John si voltò di scatto.
«Cosa?»
«Ascoltami. Se pesto i piedi a quella, lei si ricorderà che ci siamo presentati assieme a casa sua. Da chi
credi andrà a chiedere il conto?»
«Ma io non ho fatto nulla.» si giustificò John.
«E credi che questo a lei potrà interessare? Fai come ti ho detto. Chiuso. Inventati qualcosa con tua moglie,
poi portala nell’ala della base destinata ospiti, in modo che non possa entrare in contatto con informazioni
relative gli alieni.»
John sospirò contrariato, poi inserì la freccia, andando ad accostare accanto la scuola.
Dopo pochi minuti un folto gruppo di bambini uscì di corsa dalla porta principale, sparpagliandosi nel cortile
antistante.
«John.»
«Sì?»
«Visto che siamo qui mi indichi il figlio della dottoressa?»
John allungò il dito, indicando un piccolo bambino con i capelli rossi.
«E’ quello che cammina a un paio di metri da Rachel, vicino a quella berlina nera che… ehi… Gim ma quella
non è la tua auto?»
Ma finendo la frase John si rese conto che l’agente Letterman era sgusciato fuori dal pick up, diretto verso
Rachel.
John balzò fuori dall’auto, cercando di capire cosa stesse accadendo.
Tutto successe in un attimo.
Letterman aveva già raggiunto Danny, al quale stava mostrando il distintivo.
Rachel cercò di salutare il suo amico poliziotto, ma lui le fece solo un cenno, invitandola poi ad andare dal
suo papà.
Poi prese Danny e lo caricò sulla berlina nera, partendo poi a tutta velocità diretto chissà dove.
John recuperò Rachel, mentre scorse in lontananza l’auto della Enniston avvicinarsi a gran velocità.
«Merda.» disse nervoso. Meglio non farsi beccare con le mani nella marmellata.
Rachel non capì cosa stesse accadendo, sentì solamente che il suo papà la trascinava di corsa verso l’auto,
continuando ad osservare l’orizzonte, con sguardo terrorizzato.

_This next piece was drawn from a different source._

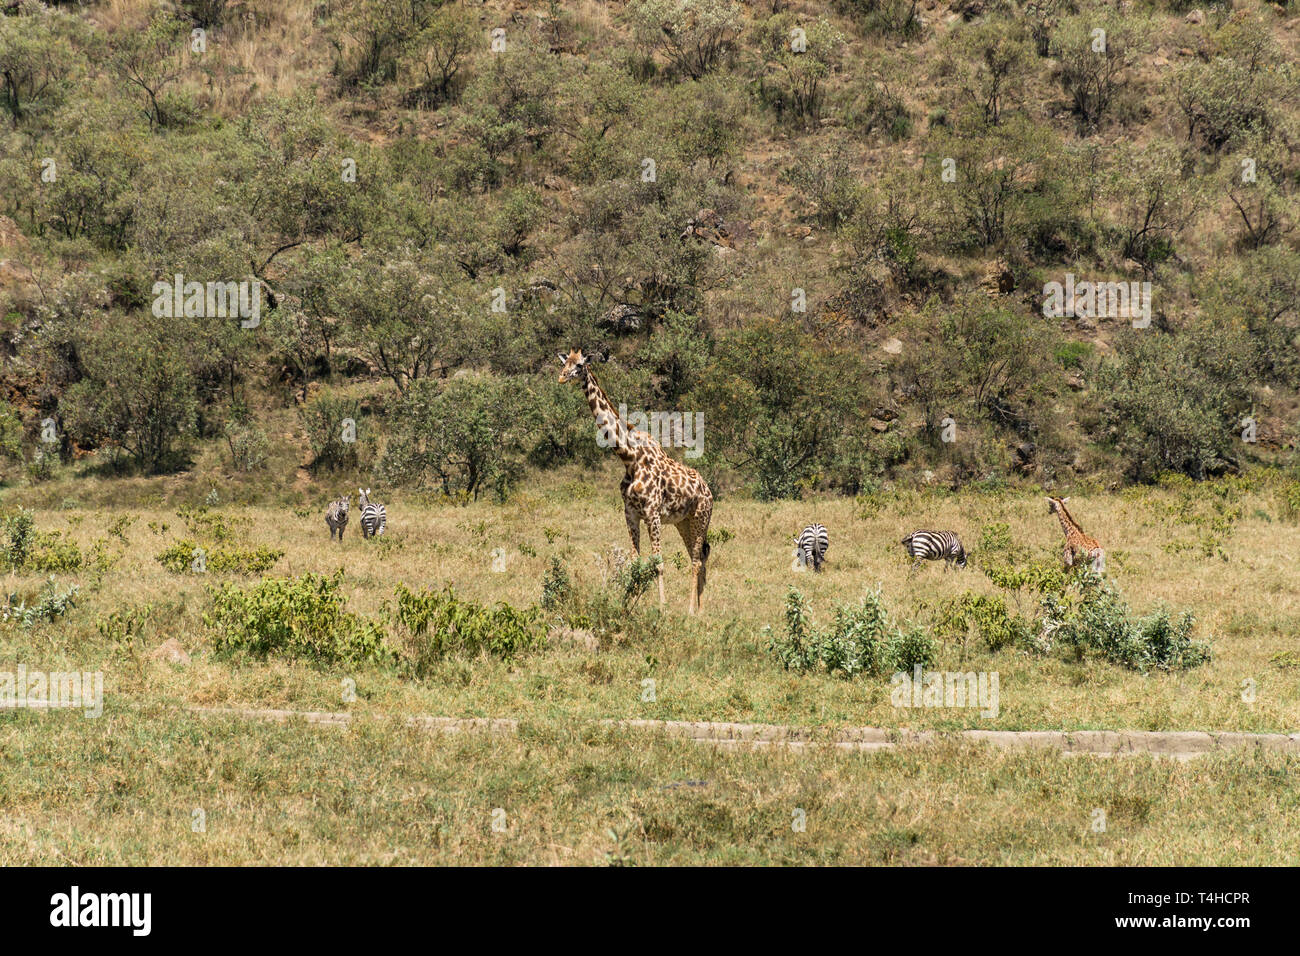 Le Masai Giraffe et zèbres, Hells Gate National Park, Kenya Banque D'Images

«Forza amore, corri, corri.» continuava a ripetere cliccando nervosamente sulla chiave elettronica il tasto di
apertura dell’auto.
La Enniston era ormai di fronte la scuola, ma ancora non sapeva cos’era accaduto.
John accese l’auto, mise la prima e partì di fretta, ma senza farsi notare, poi si concentrò sullo specchietto
retrovisore, dove intravide la dottoressa sbracciare inveendo contro qualcuno.
John sentì un tonfo al cuore.
Bisognava mettere in salvo la famiglia, e subito.
L’ira di Emily Enniston si stava per abbattere su di loro con una tremenda violenza.
Ansia.
Terrore.
Il tachimetro si spinse oltre le centotrenta miglia orarie, ed il cuore di John oltre i centotrenta battiti al minuto.